A boy passing through Denmark on the way to Sweden

A boy waves Danish flags as he joins fellow migrants, mainly from Syria, on Padborg station to board a train heading to Sweden.


Claus Fisker/Scanpix Denmark

The Danish government has a message for the world’s refugees: Don’t come to Denmark.

In advertisements recently placed in Lebanese newspapers, the country’s Ministry of Immigration, Integration and Housing listed several reasons why it’s difficult for asylum seekers to gain Danish residence. For example, the ads explained that social benefits have recently been cut, and asylum applications are subject to requirements like language proficiency.

Many residents of Denmark have a different message, however. This week, Danish citizens donated blankets and food to Syrian refugees who had entered the country.

Michala Bendixen is one Dane who heard about her government’s ads and decided to do something about them. She leads a small Danish non-profit whose name says it all. It’s called Refugees Welcome.

“I feel very bad about this reputation that our government is trying to give our country,” says Bendixen. “We don’t want the world to see our country as a xenophobic and closed-down little country that doesn’t want to welcome new people.”

In an article for The Guardian, Bendixen argued that although many refugees want to reach countries like Germany and Sweden, Denmark is ready to welcome them too.

“I think that refugees deserve to be in the best places where have capacity and a good society for them to start a new life. And Denmark is a very rich, and very stable, and very open society,” she said.

So why is Denmark’s government trying to paint a different picture? According to Bendixen, the country’s politicians include an influential minority of right-leaning nationalists. It’s these politicians who have tried to restrict the country’s borders.

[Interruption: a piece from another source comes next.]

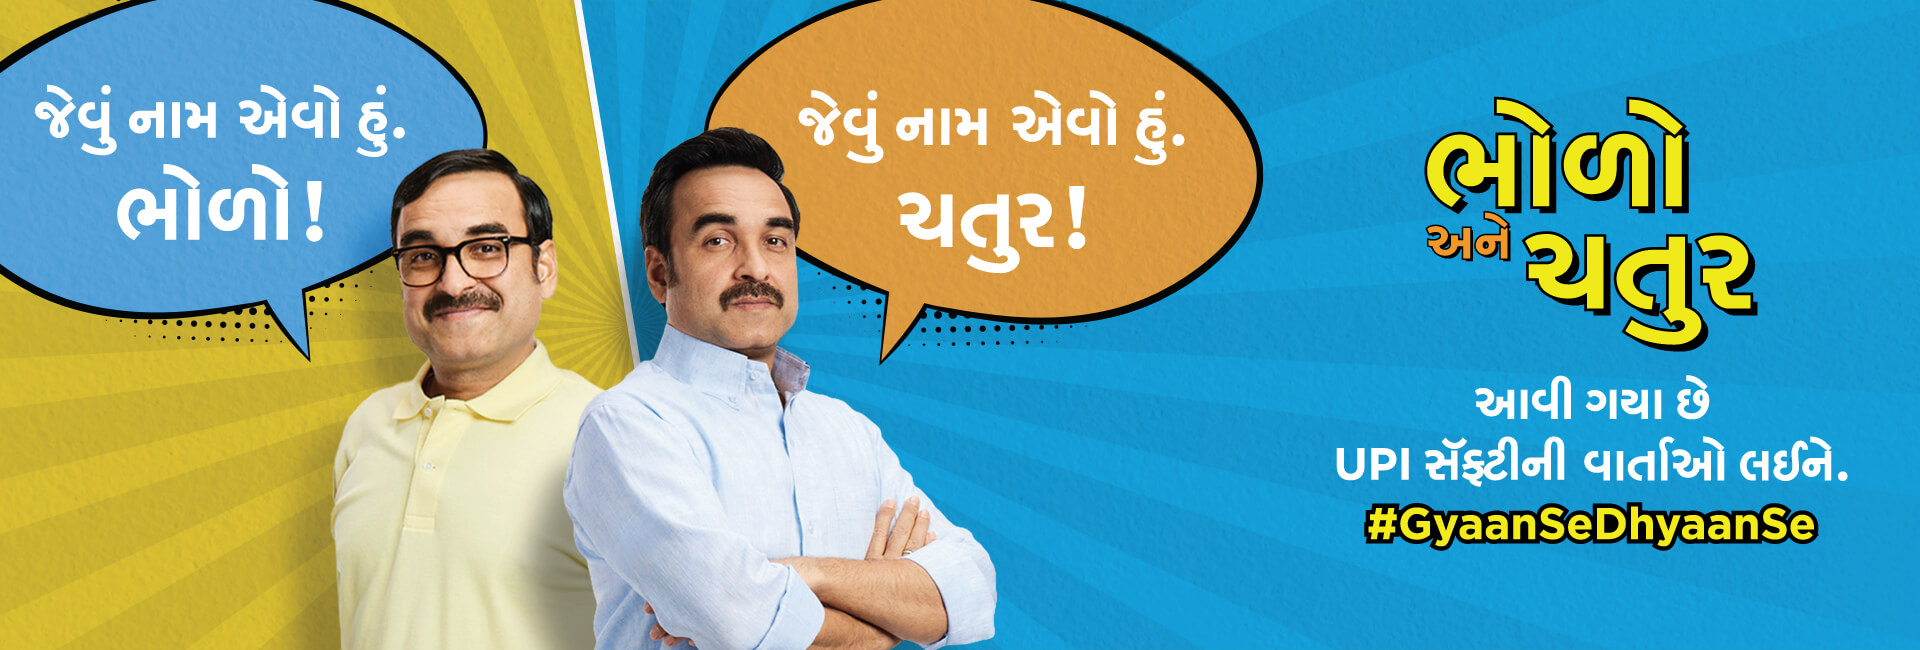 UPI Safety Campaign Gujarati

There are international factors, too. Under a European Union agreement called the Dublin Regulation, refugees apply for asylum just once, usually in the first European country they reach. But it’s clear that some countries have more resources and more willingness to help refugees. That’s one reason why many refugees simply want to pass through Denmark on the way to Sweden.

But the EU regulation has put Denmark in a bind. “The government and the police have been really confused about what to do,” says Bendixen. At first, a highway connecting Denmark and Germany was shut down. So were trains that were carrying migrants from elsewhere in Europe.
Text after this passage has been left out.